This is the mental model that makes everything else click:

KEDA is the signal (“we need more pods”). Karpenter is the muscle (“here are the nodes to run them”).

Below is the complete end‑to‑end flow, including timings from real benchmark runs.

Spot Interruption Handling

Spot interruptions are handled cleanly:

  • AWS sends a 2‑minute warning to an SQS queue
  • Karpenter listens to that queue
  • When a termination notice arrives:
    • Karpenter cordons the node
    • Drains all pods
    • Schedules replacements on other nodes
    • Terminates the instance gracefully

This ensures:

  • GPU jobs in flight when the notice arrives have up to 2 minutes to complete*
  • Pods are drained gracefully before the instance terminates
  • Replacements are scheduled on other nodes before termination

Spot-first is safe because the architecture is interruption-aware.

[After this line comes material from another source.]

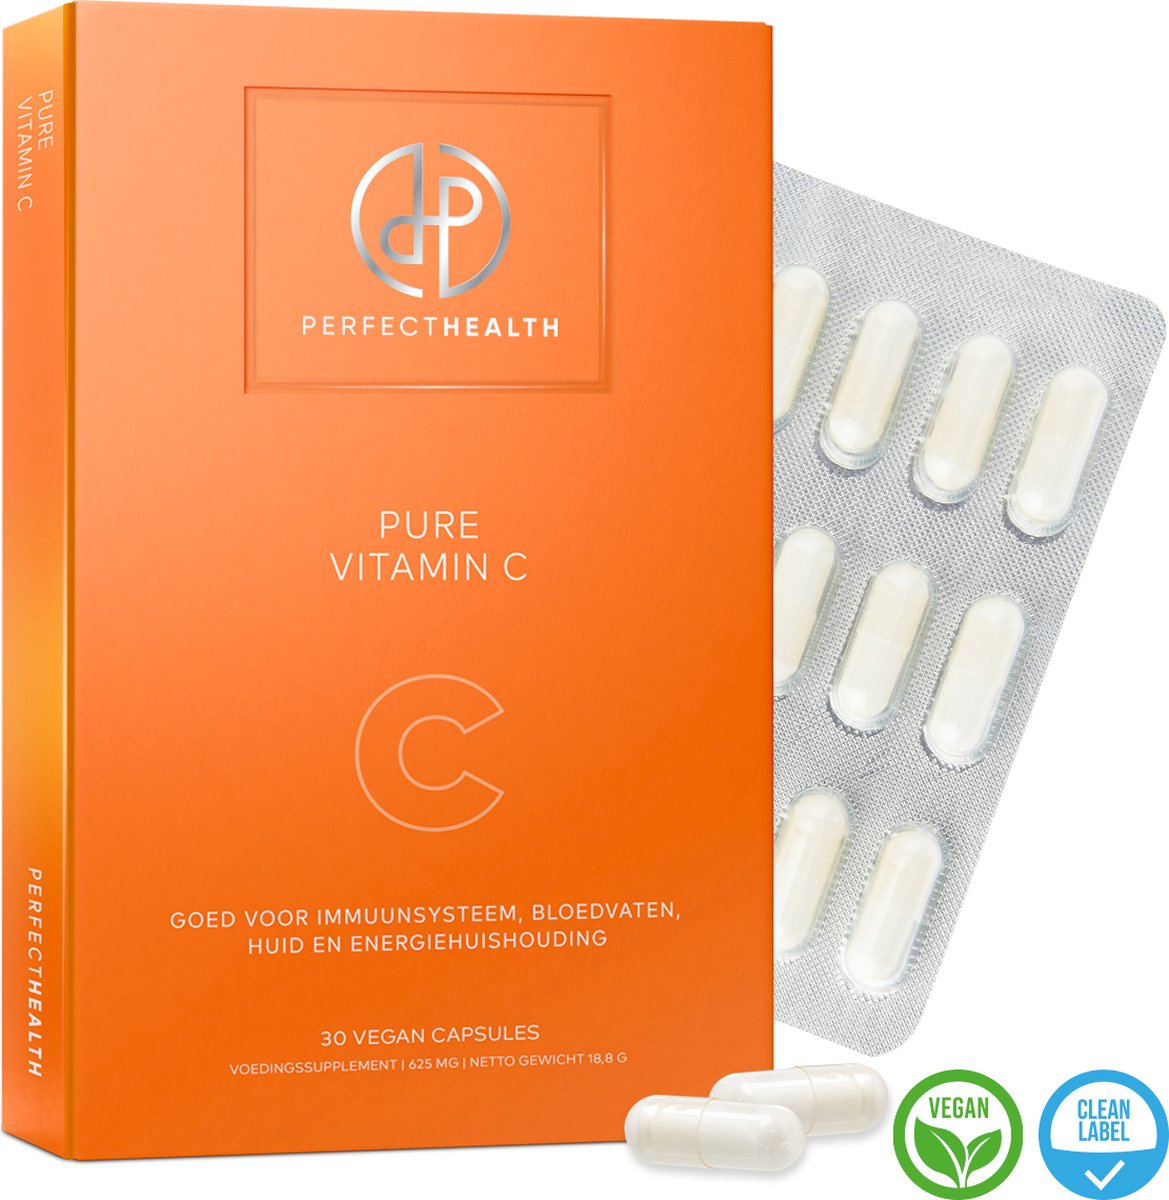 Perfect Health - Pure Vitamin C - Immuunsysteem, bloedvaten, huid en energiehuishouding - 30 Vegan Capsules

*The deployment sets terminationGracePeriodSeconds: 120, matching AWS’s 2-minute spot interruption notice, this gives the pod the full window to finish in-flight work before Kubernetes hard-kills it. Whether jobs are actually preserved depends on the inference server handling SIGTERM: it needs to stop accepting new requests and wait for in-flight work to complete. The stub doesn’t implement this (it’s not a real inference server). For production workloads, add a SIGTERM handler or a preStop hook to drain the queue.

Timings (Cold vs Warm)

From real benchmark runs on g4dn.xlarge spot, eu-west-2:

  • Node Ready: 37s cold → 3s warm
  • Pods Serving: 84s cold → 7s warm
  • Scale-to-zero: 285–307s (matches KEDA cooldown)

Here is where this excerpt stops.